Here the justizrath showed, for the second time, how great emergencies bring out the strength of great characters. With gentle firmness he freed the flowered dressing-gown from the embrace of the night-gown, and said in a voice that announced his resolve to do and dare the worst: "Jette, bring me my coat!"

This was the signal for a scene of indescribable confusion, out of which, in about five minutes, the victim of his devotion to duty emerged victorious with coat, hat, and stick: a sublime sight, only the effect was a little damaged by the hero's feet being still covered with embroidered slippers, a fact of which he was not aware until it was too late, when we were standing on the pavement of the market-place.

"Never mind, Herr Justizrath," I said, as he was about to turn back. "You would not get away again, and we have but a few steps to go."

In fact the little old Rathhaus was at the other side of the by no means wide square, and the pavement was perfectly dry, so that the victim of fidelity had not even to fear a cold in the head.

"Herr Justizrath," I said, as we crossed the market-place, "you will tell my father, will you not, that I gave myself up voluntarily, and without any compulsion; and I will never mention to any one a word about the broken pipe."

I have spoken many foolish and inconsiderate words in my life, but few that were more foolish and more inconsiderate than this. Just as I was touching the point which I might say was the only thing in the whole affair to which I attached importance, namely, to show my pride to the father who had disowned me, I failed to perceive that I gave mortal offence to a man who would never forgive, and had never forgiven me. Who can tell what other turn the affair might have taken, if, instead of my unpardonable stupidity, I had intoned a pæan to the heroic man who knew how to guard himself from a possible and indeed probable attack, and then did his duty, happen what might. But how could I know that, young fool that I was?

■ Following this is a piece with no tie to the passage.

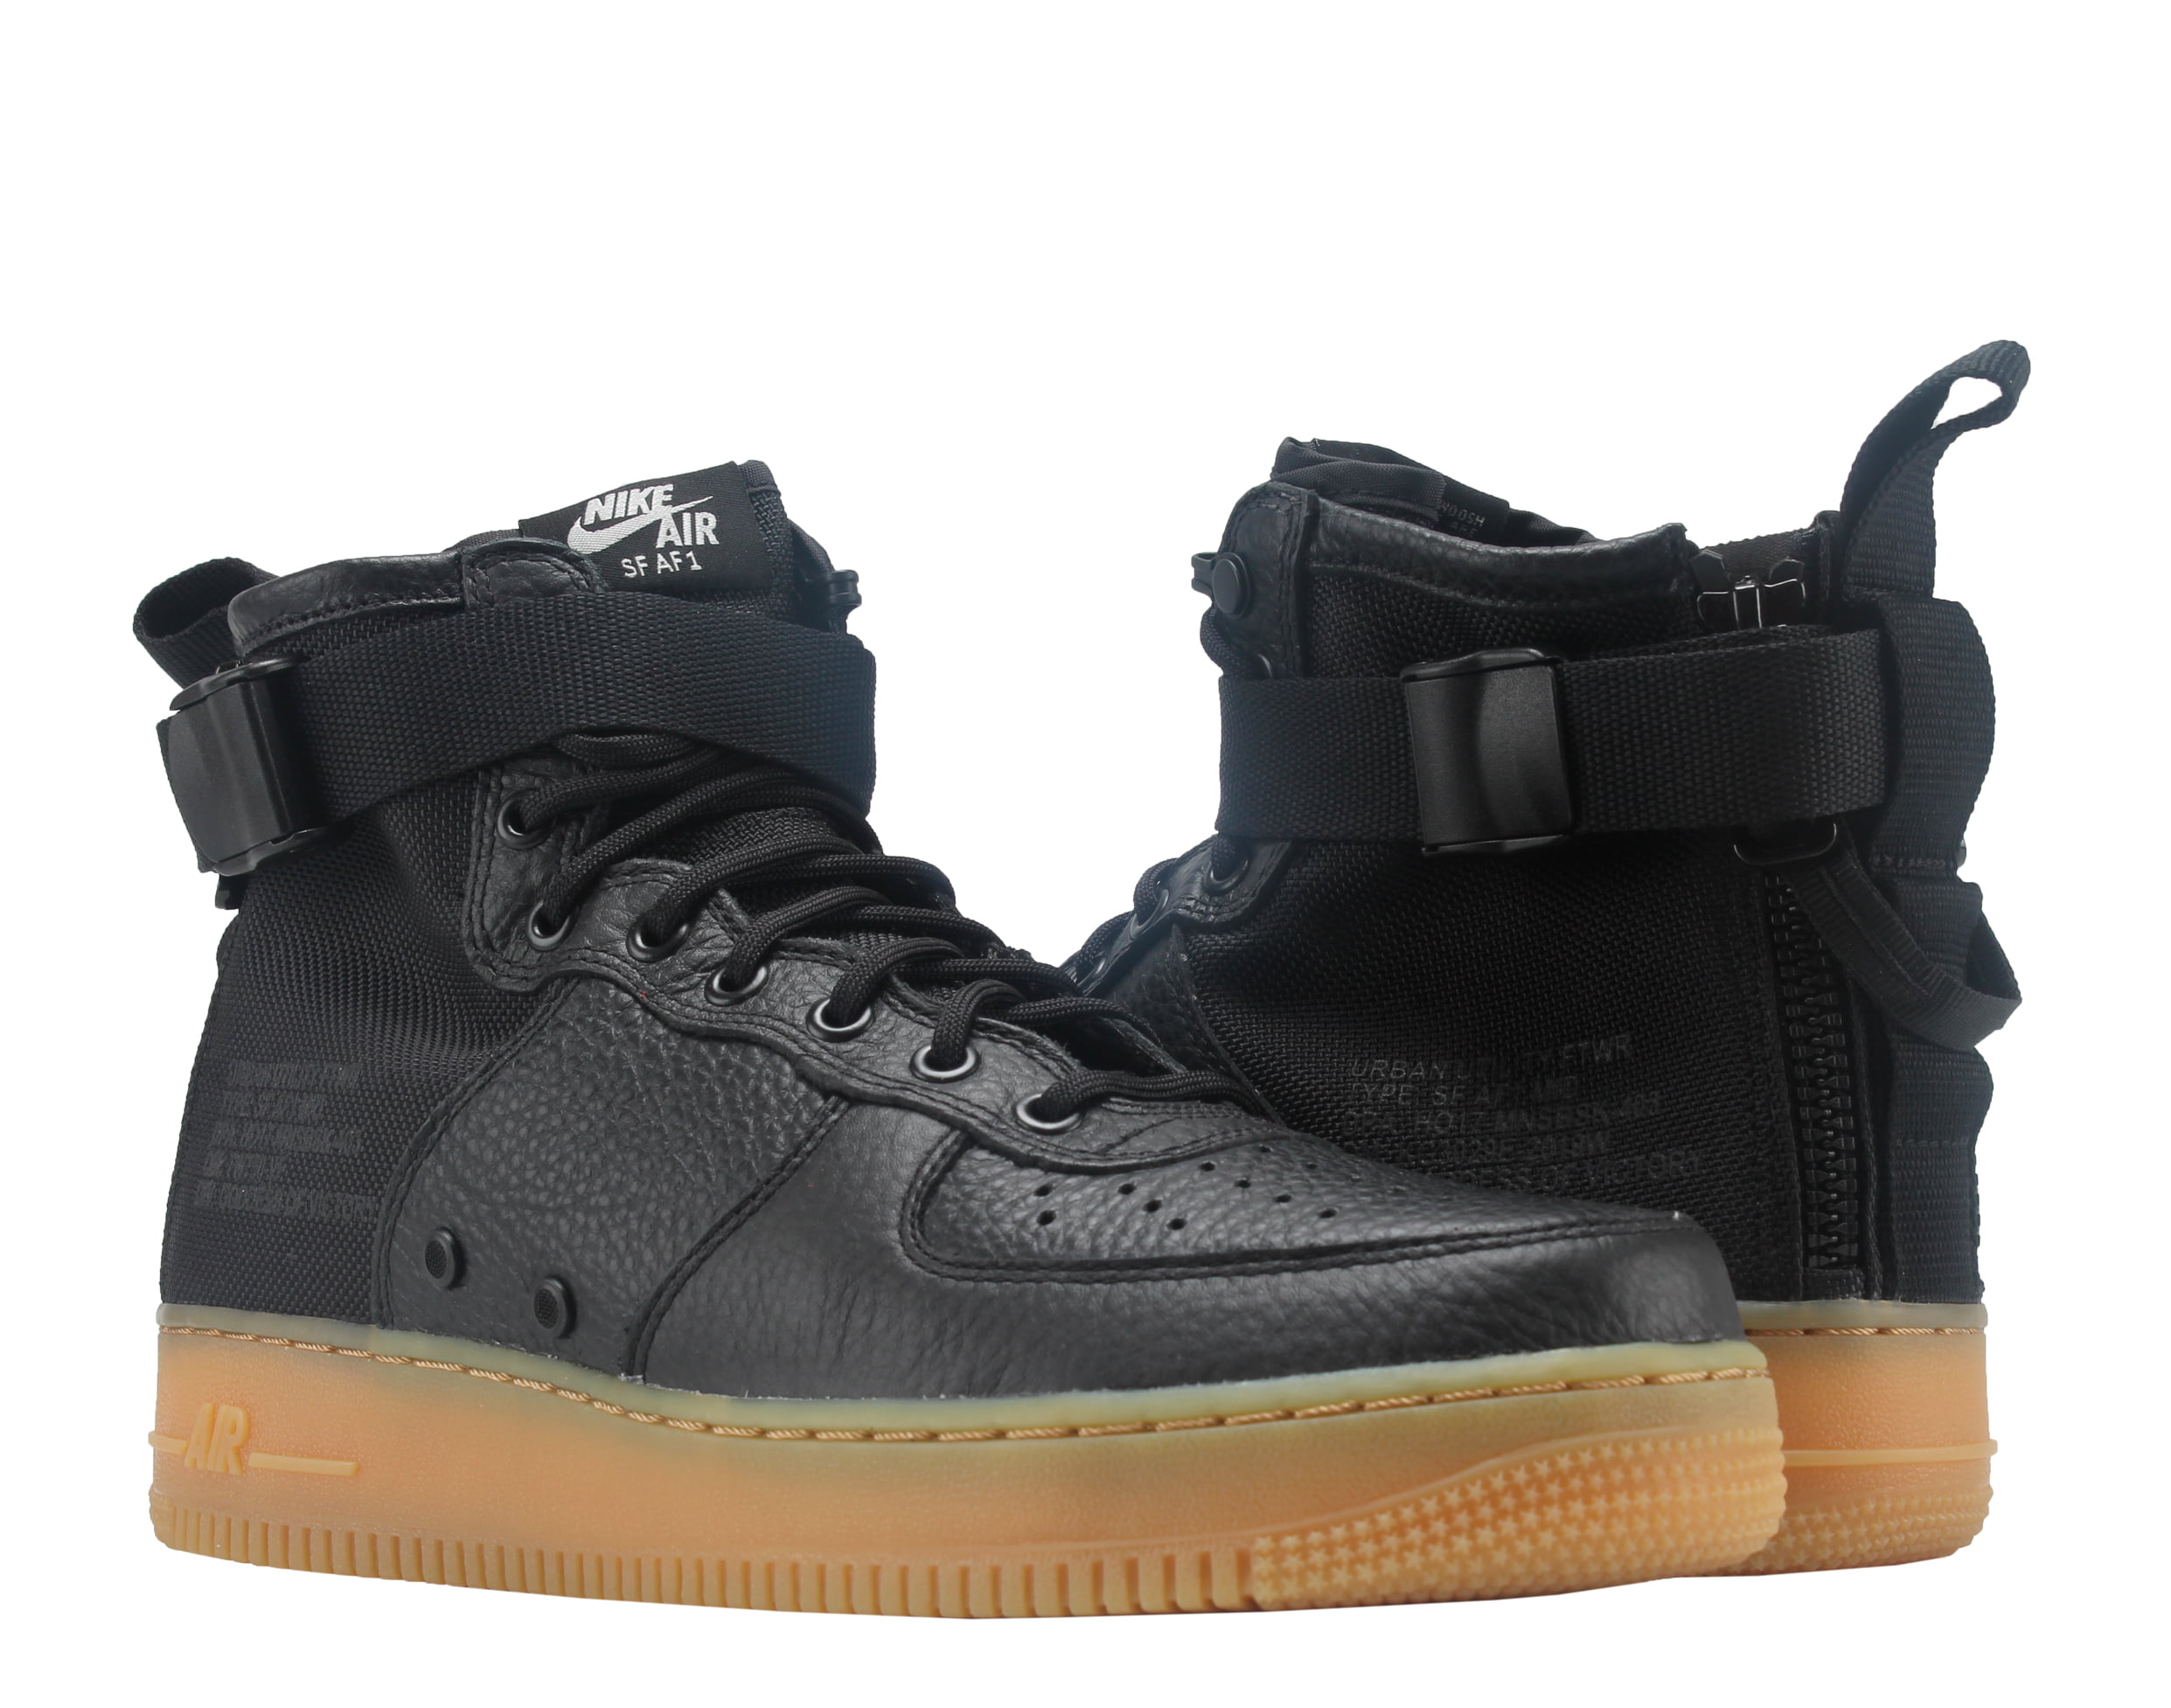 Nike SF Air Force 1 MID Shoes Black/Gum Brown Walmart.com
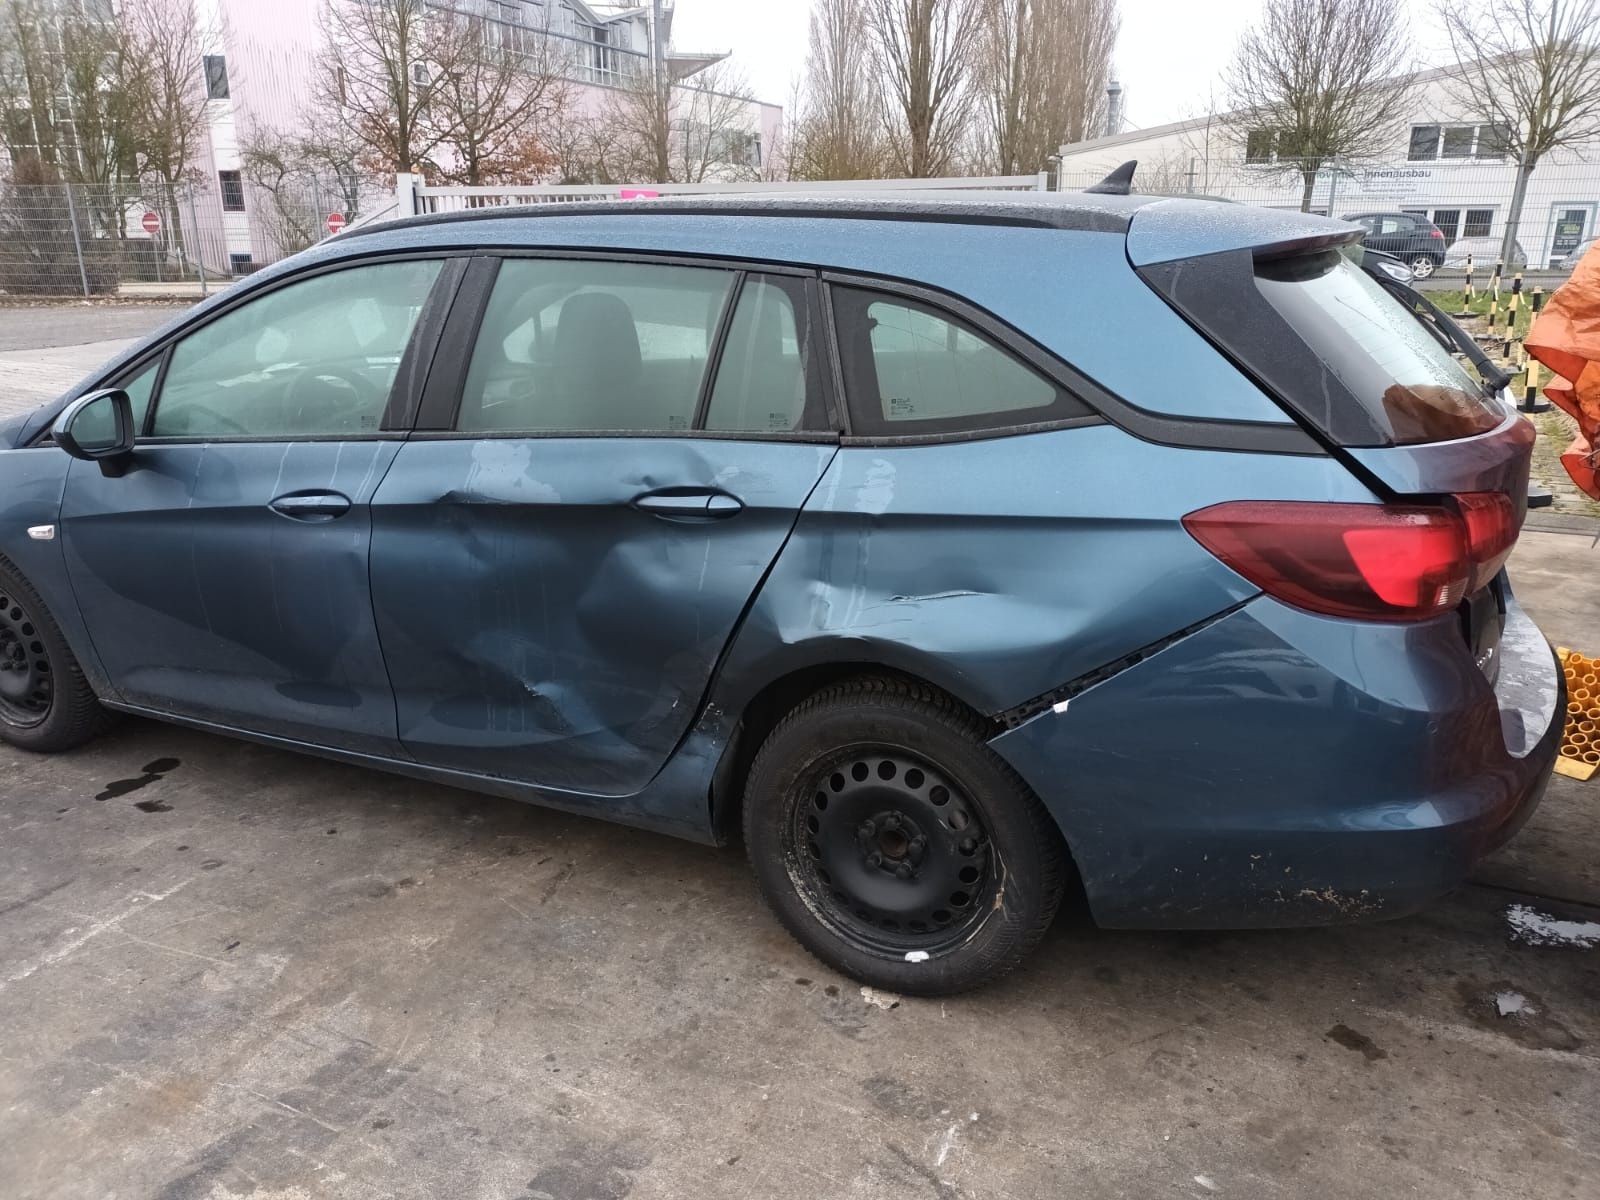 Opel Astra, bogata wersja - uszkodzona

So we reached the open hall of the Rathhaus, where in the day time an old cake-woman used to sit in a chair sawed out of a barrel, before a table where plum-buns and candies lay upon a cloth not always clean, that was constantly fluttering in the wind that blew through the hall. The table was now bare, and presented a very forlorn appearance, as if old Mother Möller, and not only she, but all the cakes, plum-buns, and candies of the world, had departed forever.

A desolate feeling came over me; for the first and only time this night, the thought occurred to me that perhaps after all I had better make my escape. Who was to prevent me? Assuredly not the slippered hero at my side; and as little the old night-watchman Rüterbusch, who was shuffling up and down the hall, in front of his sentry-box, in the dim light of a lantern that swung from the vaulted roof. But I thought of my father, and wondered if his conscience would not smite him when he heard the next morning that I was in prison; and so I stood quietly by and heard the night-watchman Rüterbusch explaining to Justizrath Heckepfennig that the matter would be very hard to manage, since the last few days so many arrests had been made, that the guard-house was completely full.

The guard-house was a forbidding-looking appendage to the Rathhaus, and fronted on an extremely narrow alley in which footsteps always made a peculiar echo. No townsman who could avoid it ever went through this echoing alley; for that gloomy appendage to the Rathhaus had no door, but a row of small square windows secured with iron bars and half-closed with wooden screens, and behind them here and there might be seen a pale, woe-begone face.

A quarter of an hour after the conversation between Herr Justizrath Heckepfennig and night-watchman Rüterbusch had come to a satisfactory conclusion, I was sitting behind one of these grated windows.